Funding for the certificate program is still being finalized and Friedman said he hopes to involve multiple stakeholders including the Fisher College of Business and the OSU Office of Energy and Environment, as well as individual donors.

Previously offered exclusively to students in the Fisher College of Business industry cluster, the point-based certificate program will give students a “cool and robust experience in sustainability that is really manageable and quantifiable to future employers,” Friedman said.

Students who are accepted to the program will use Carmen to track their status in the program and are awarded points in four different categories: theory, practitioner, project and leadership.

Points can be earned in a variety of ways, allowing students to create their own program based on their sustainability interests.

“Sustainability is this broad, messy, awesome thing that is really hard to define,” Friedman said. “We’re being descriptive of a really good solution instead of prescriptive.”

Sustainability is roughly defined as the long-term maintenance of environmental resources.
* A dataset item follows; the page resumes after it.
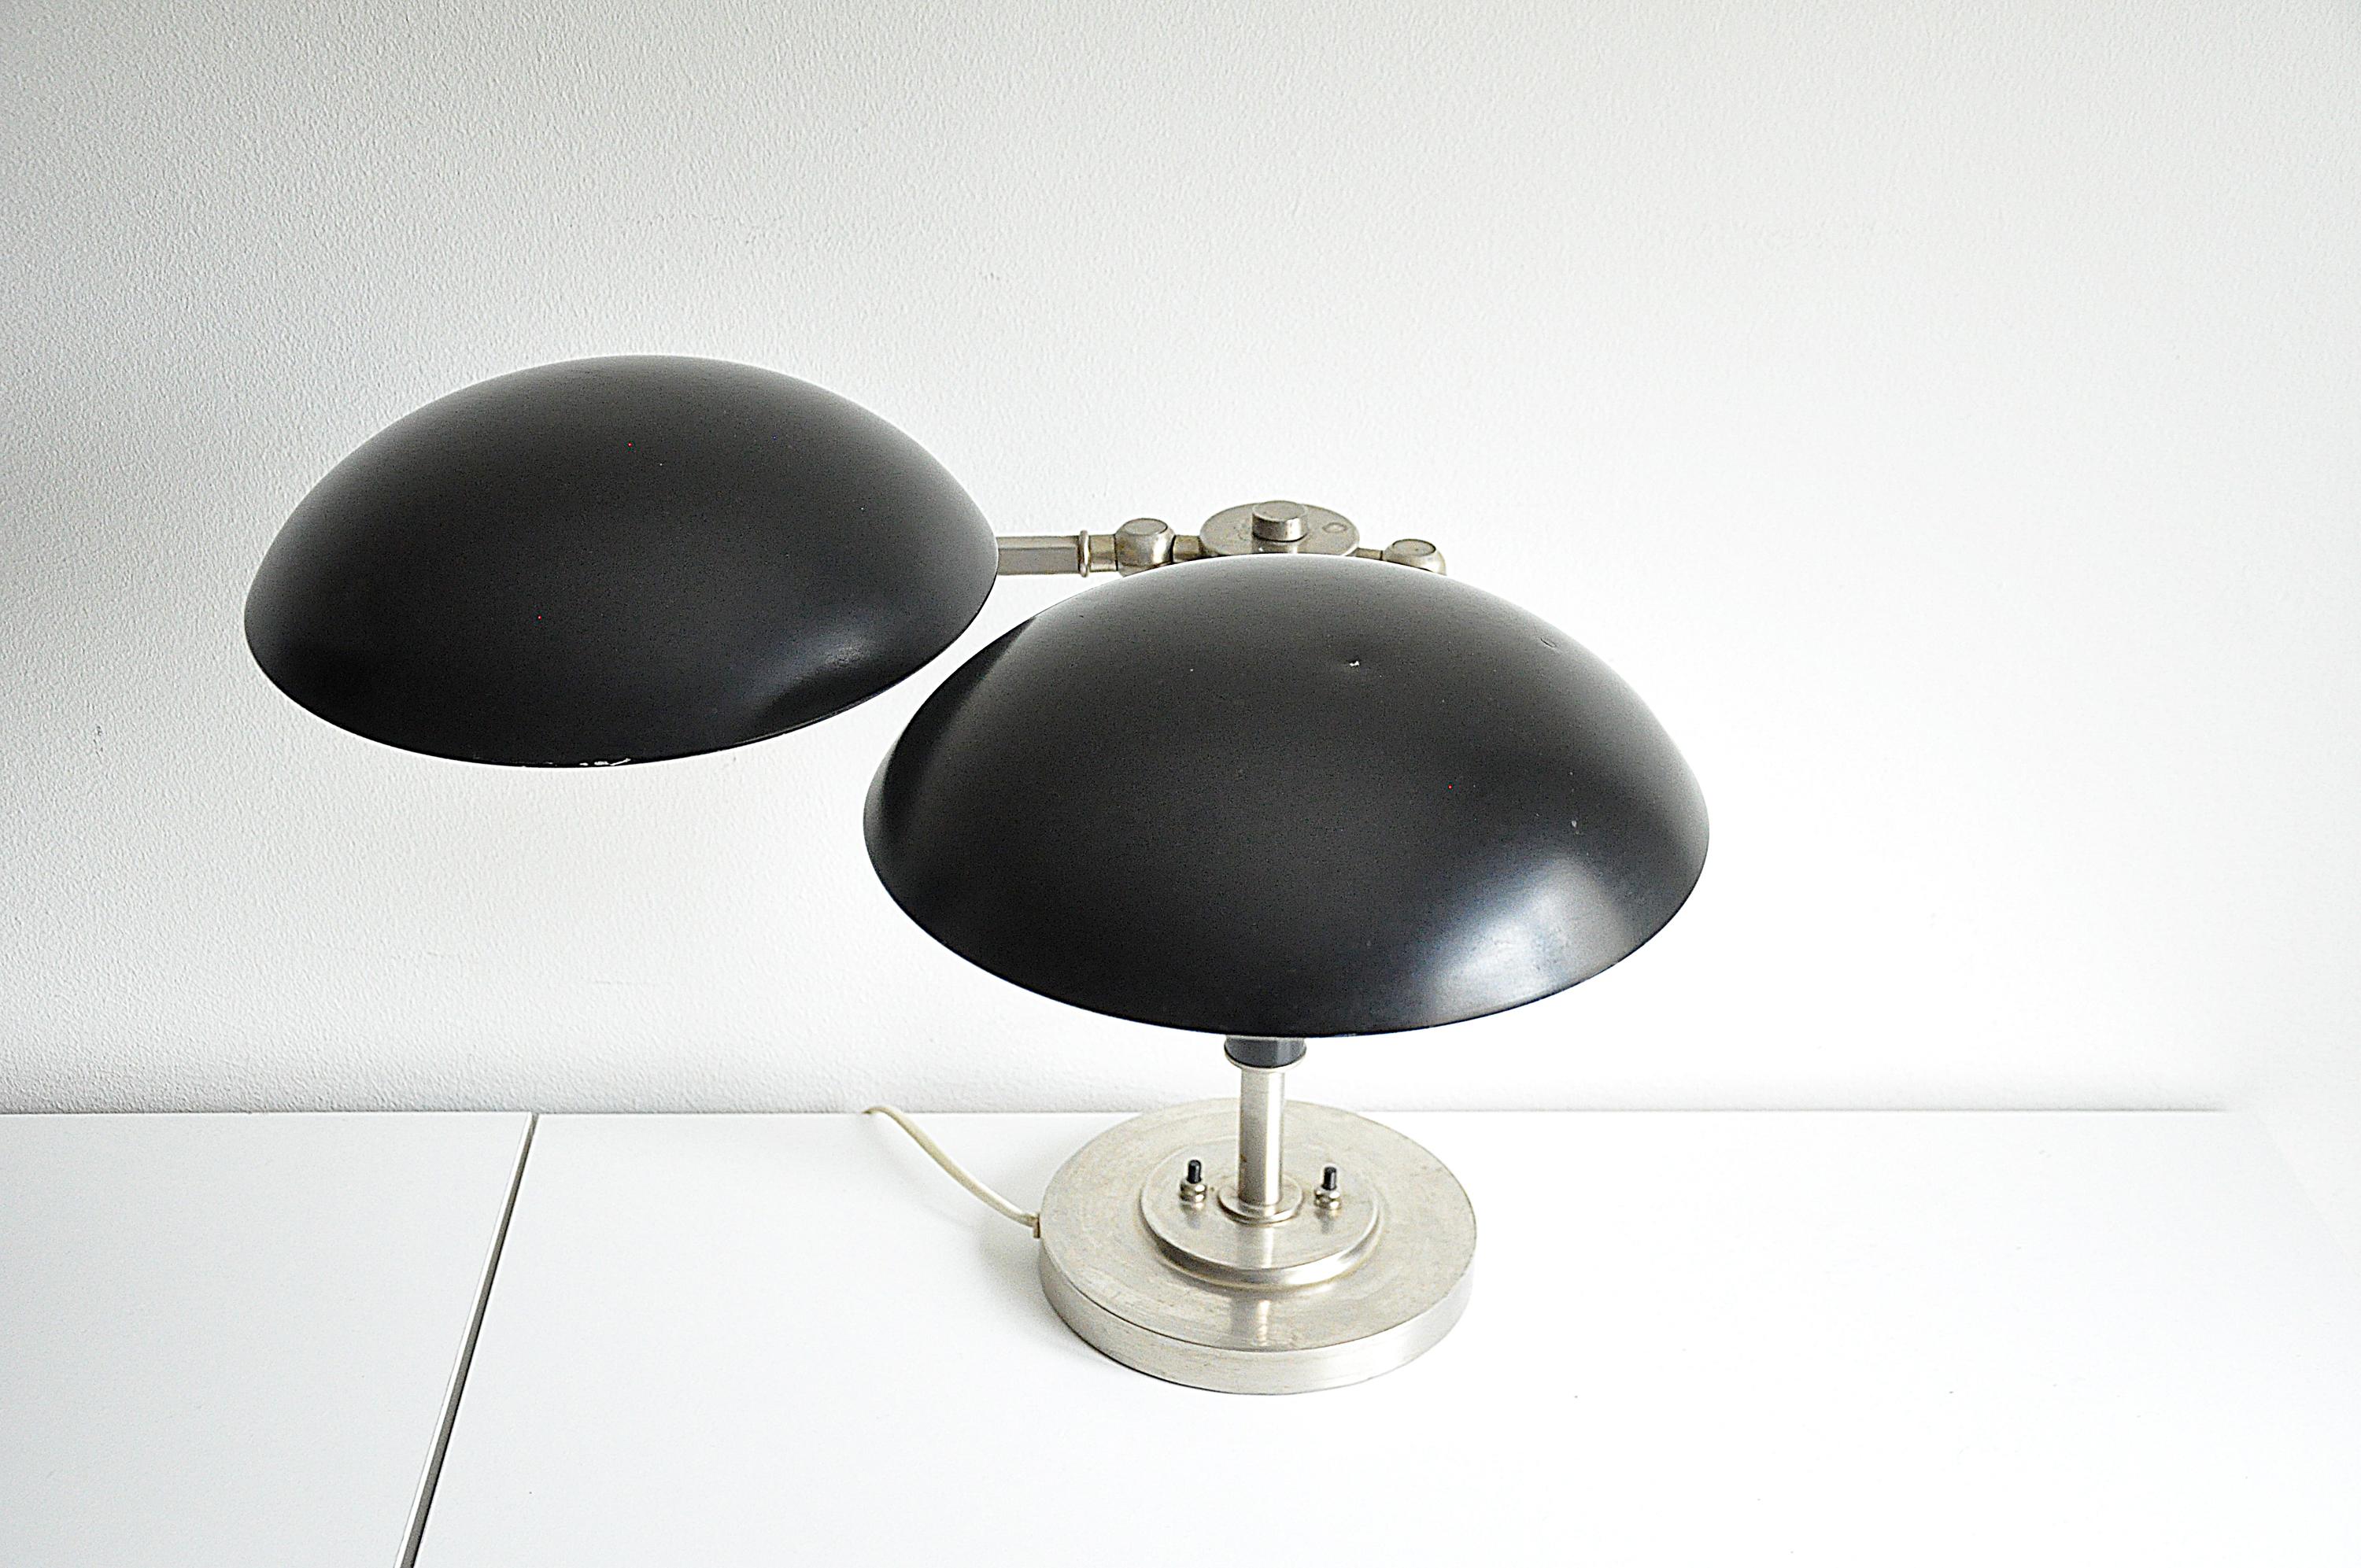 Two-Arm Table Lamp with a Small Mirror, 1930s For Sale 3

Though the certification is new, Friedman said he hopes the program’s partnership with Net Impact and the Fisher College of Business will help give it weight in the business world.

Rao Unnava, associate dean of undergraduate programs in the Fisher College of Business, said the program has potential in the business world.
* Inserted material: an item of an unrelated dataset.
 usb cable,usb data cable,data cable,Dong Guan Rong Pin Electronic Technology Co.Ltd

“If this is executed right and correctly, companies will value the certificate,” Unnava said.

The certificate program will also include a sustainability-related career fair to tell employers about the program and connect students with future employers, Friedman said.

Unnava said he believes sustainability is an important factor for companies to consider and might even determine profits.

“You could be very profitable as a business because you are sustainable,” Unnava said. “Our hope is that people recognize sustainability as something that should be integrated into their everyday thinking.”

After taking an engineering survey class, Peter Worley, a second-year in mechanical engineering, said he knew he wanted to be involved in a campus sustainability movement but didn’t know where to start.

Worley said he found his niche after talking to Friedman about Net Impact and the certificate program.

“This is something I totally want to be a part of and is (somewhere that) I can actually make my impact,” Worley said.

Representatives from the Net Impact headquarters did not respond for comment.

Worley is part of what Friedman calls the “next generation” of Net Impact leaders.

“They’re going to do so much more than I ever could,” Friedman said. “My goal is to empower the next generation of leaders to have a cohort of people and changemakers that are going to make a big difference.”